From the line containing "Saint Edward - Nebraska" to the line containing "35+ Low maintenance" in the entries below, reproduce every line exactly, ends included. Nothing else belongs in the copy, and no pictures.

DATA RECORDS -
=== Begin Enclosure ===
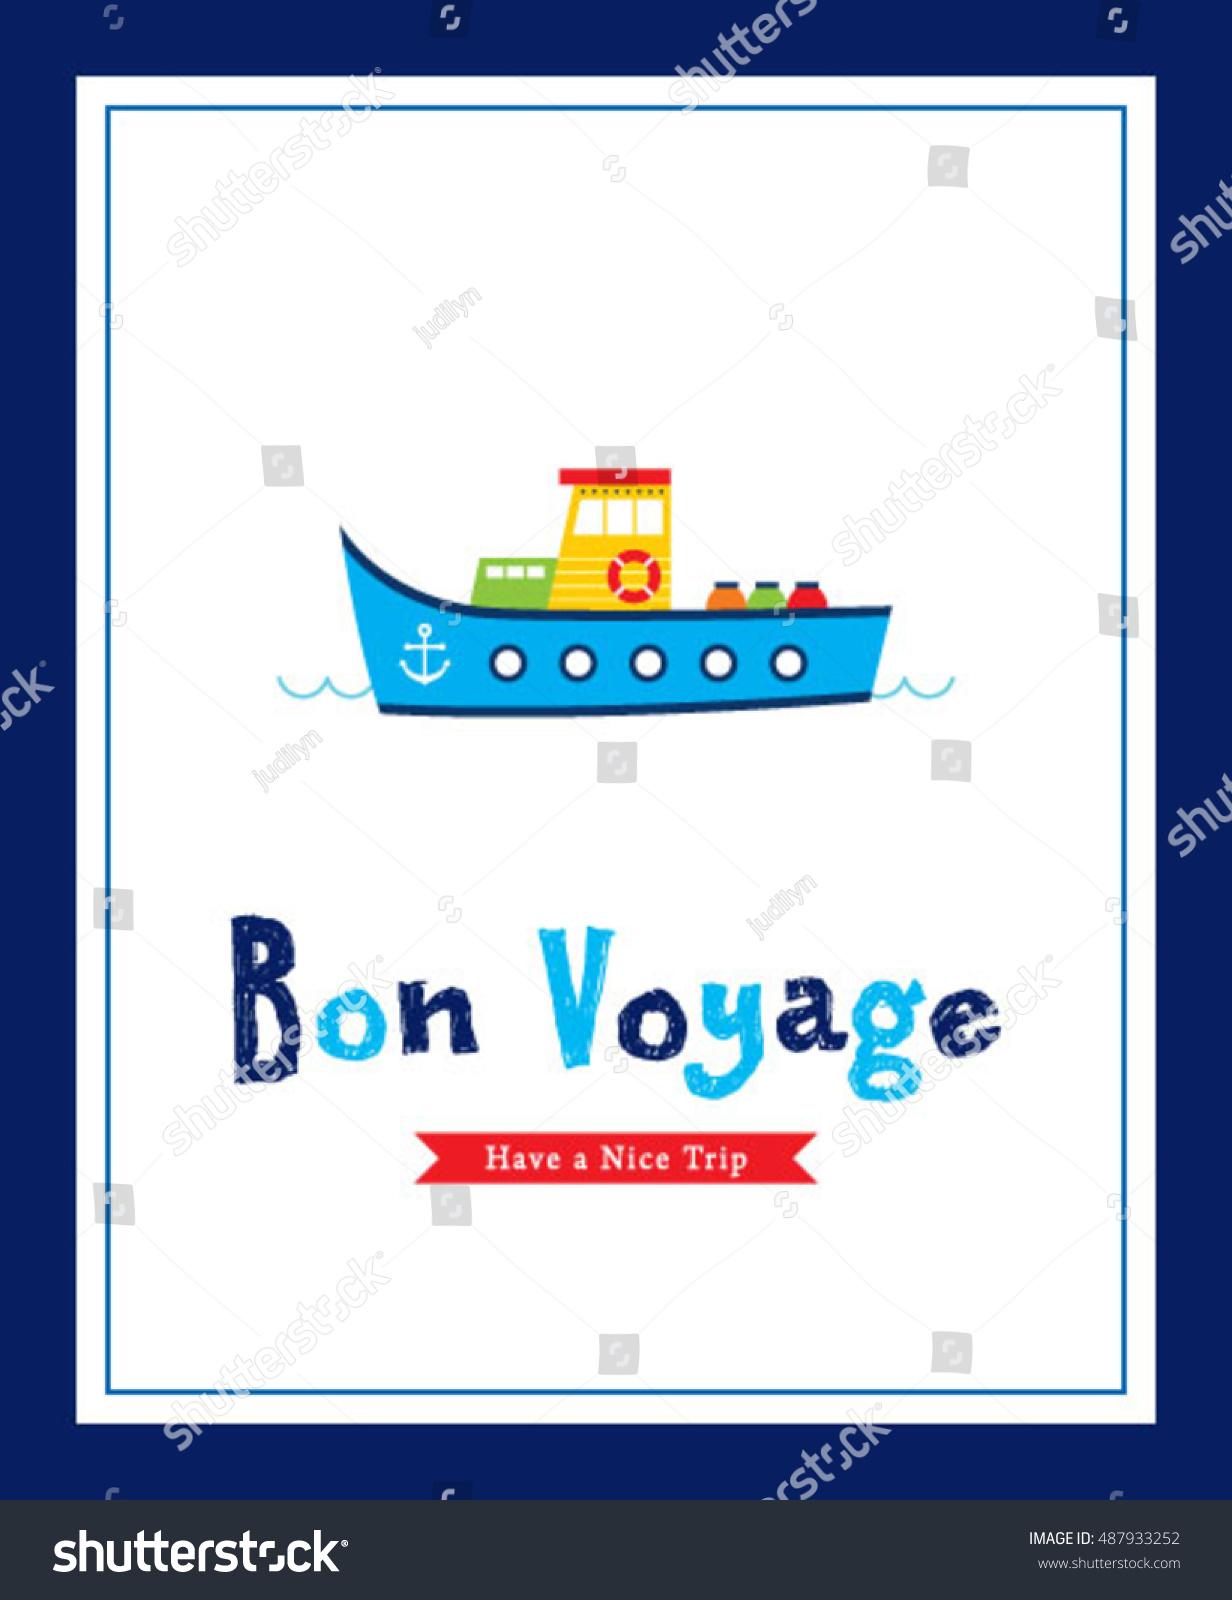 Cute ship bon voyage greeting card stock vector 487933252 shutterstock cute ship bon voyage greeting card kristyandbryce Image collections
=== End Enclosure ===
=== Begin Enclosure ===
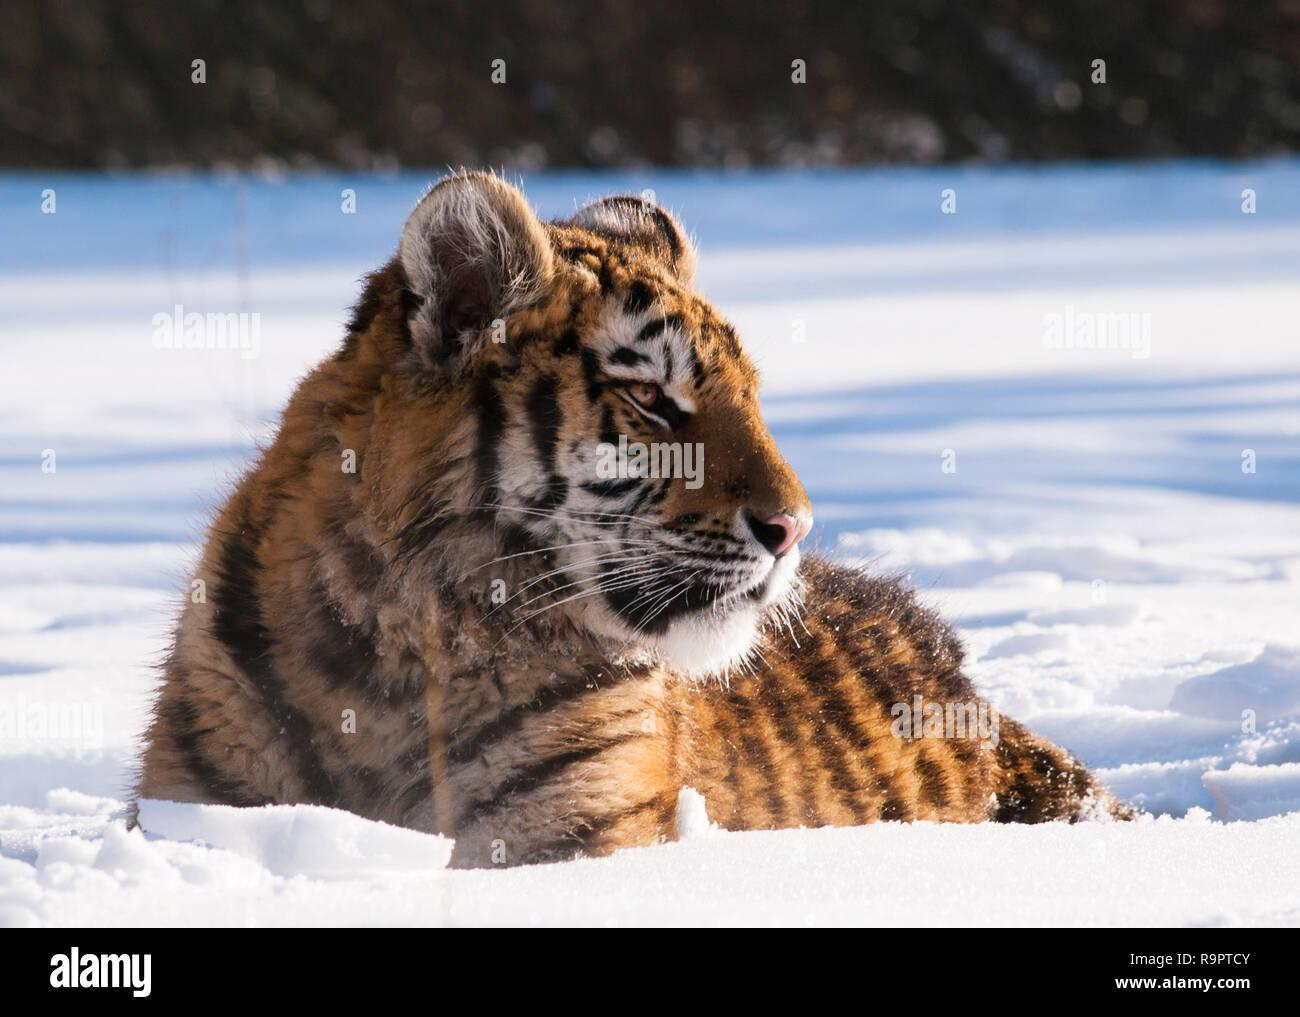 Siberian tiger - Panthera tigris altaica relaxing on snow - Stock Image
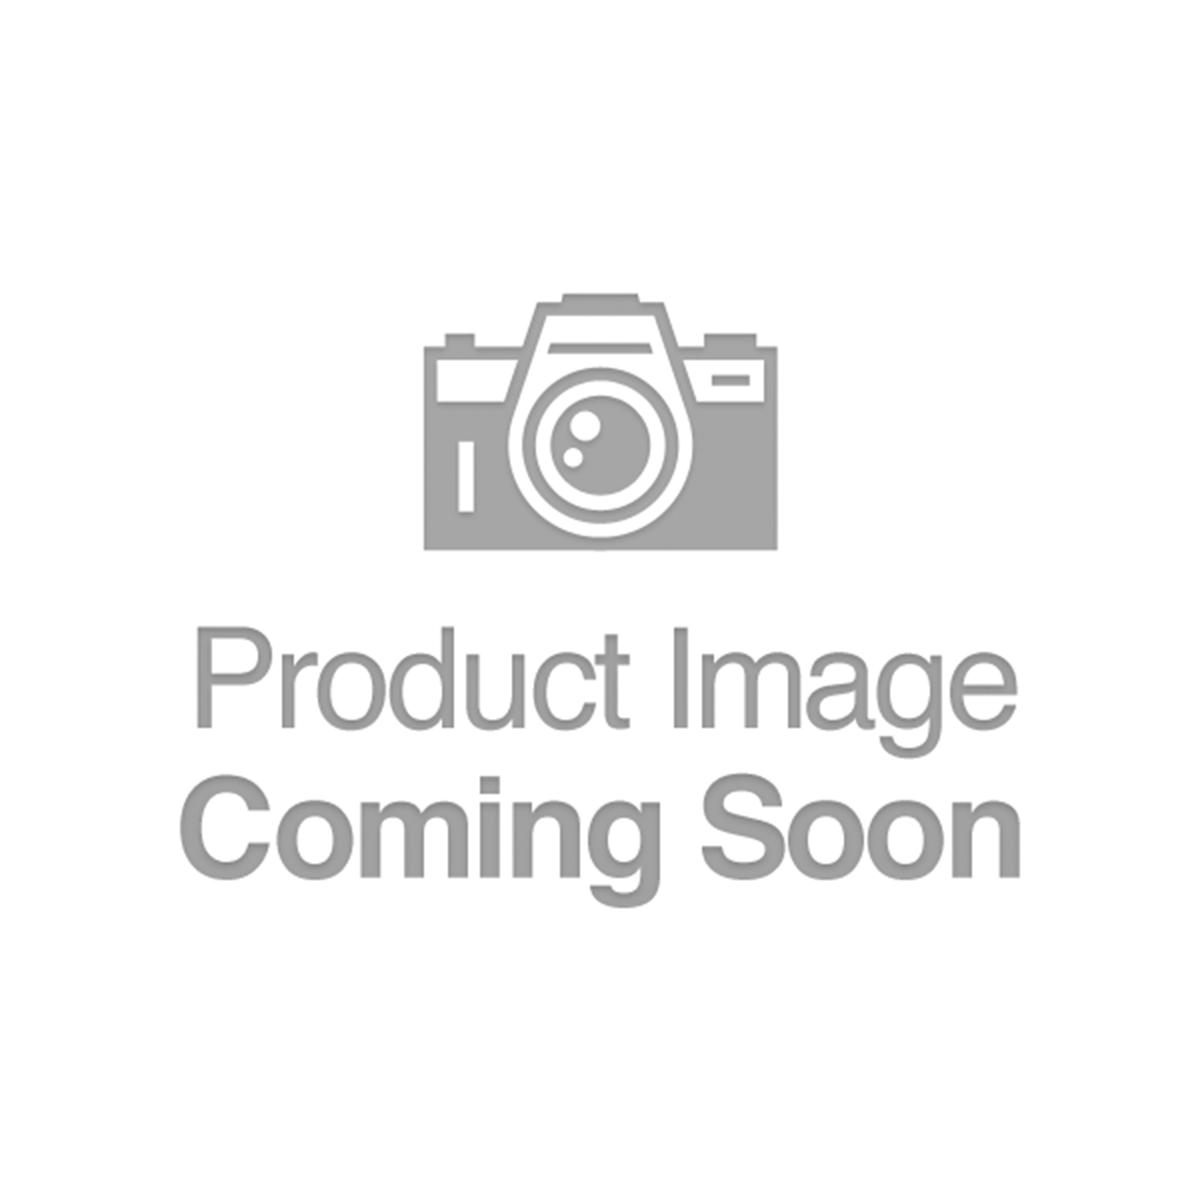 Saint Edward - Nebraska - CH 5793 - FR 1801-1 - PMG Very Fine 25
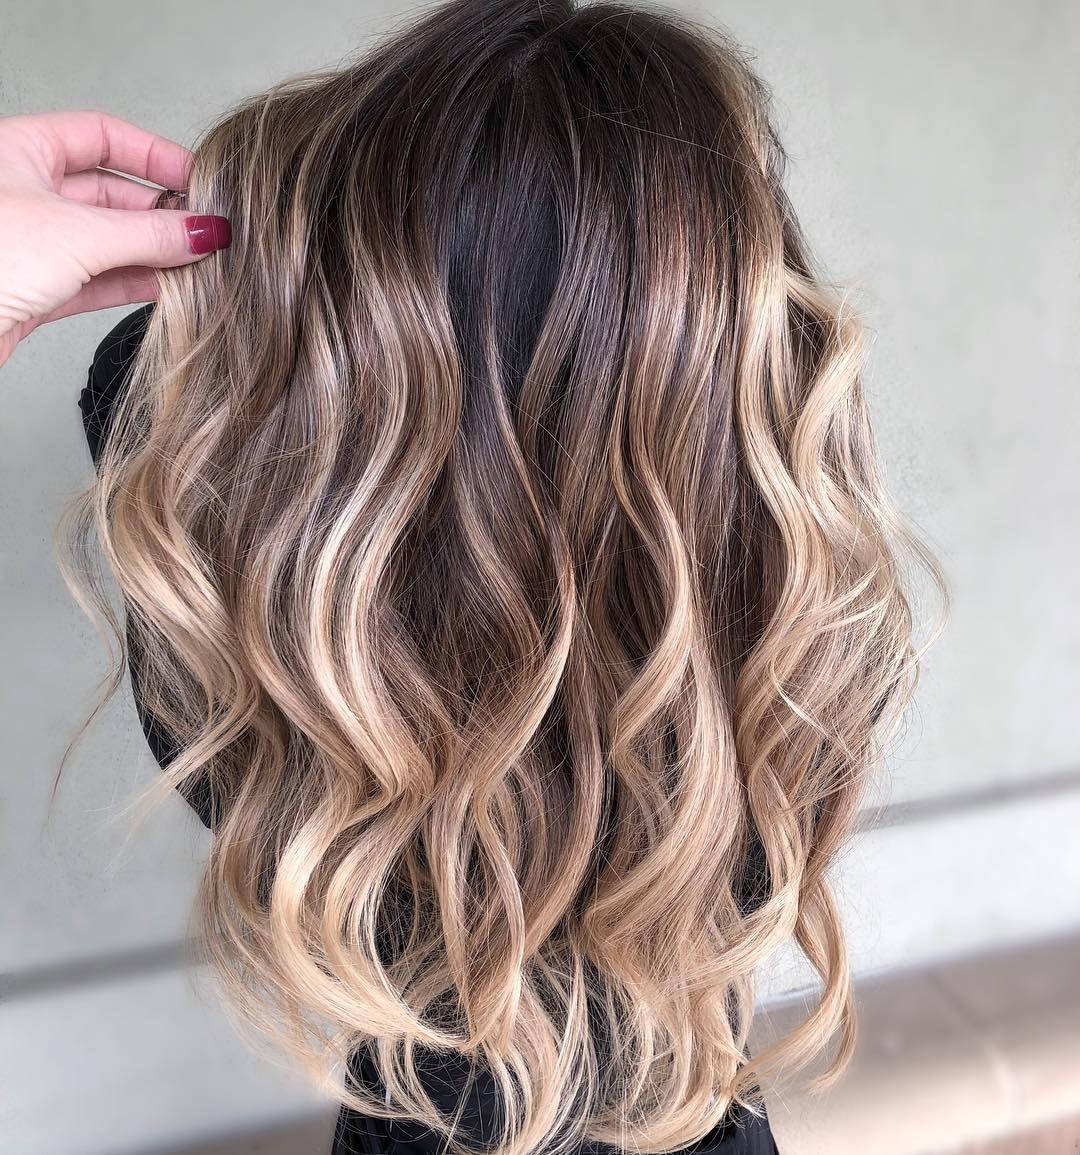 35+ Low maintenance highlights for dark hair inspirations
=== End Enclosure ===
ANSWER FOR THIS EXERCISE -
 Saint Edward - Nebraska - CH 5793 - FR 1801-1 - PMG Very Fine 25
 35+ Low maintenance highlights for dark hair inspirations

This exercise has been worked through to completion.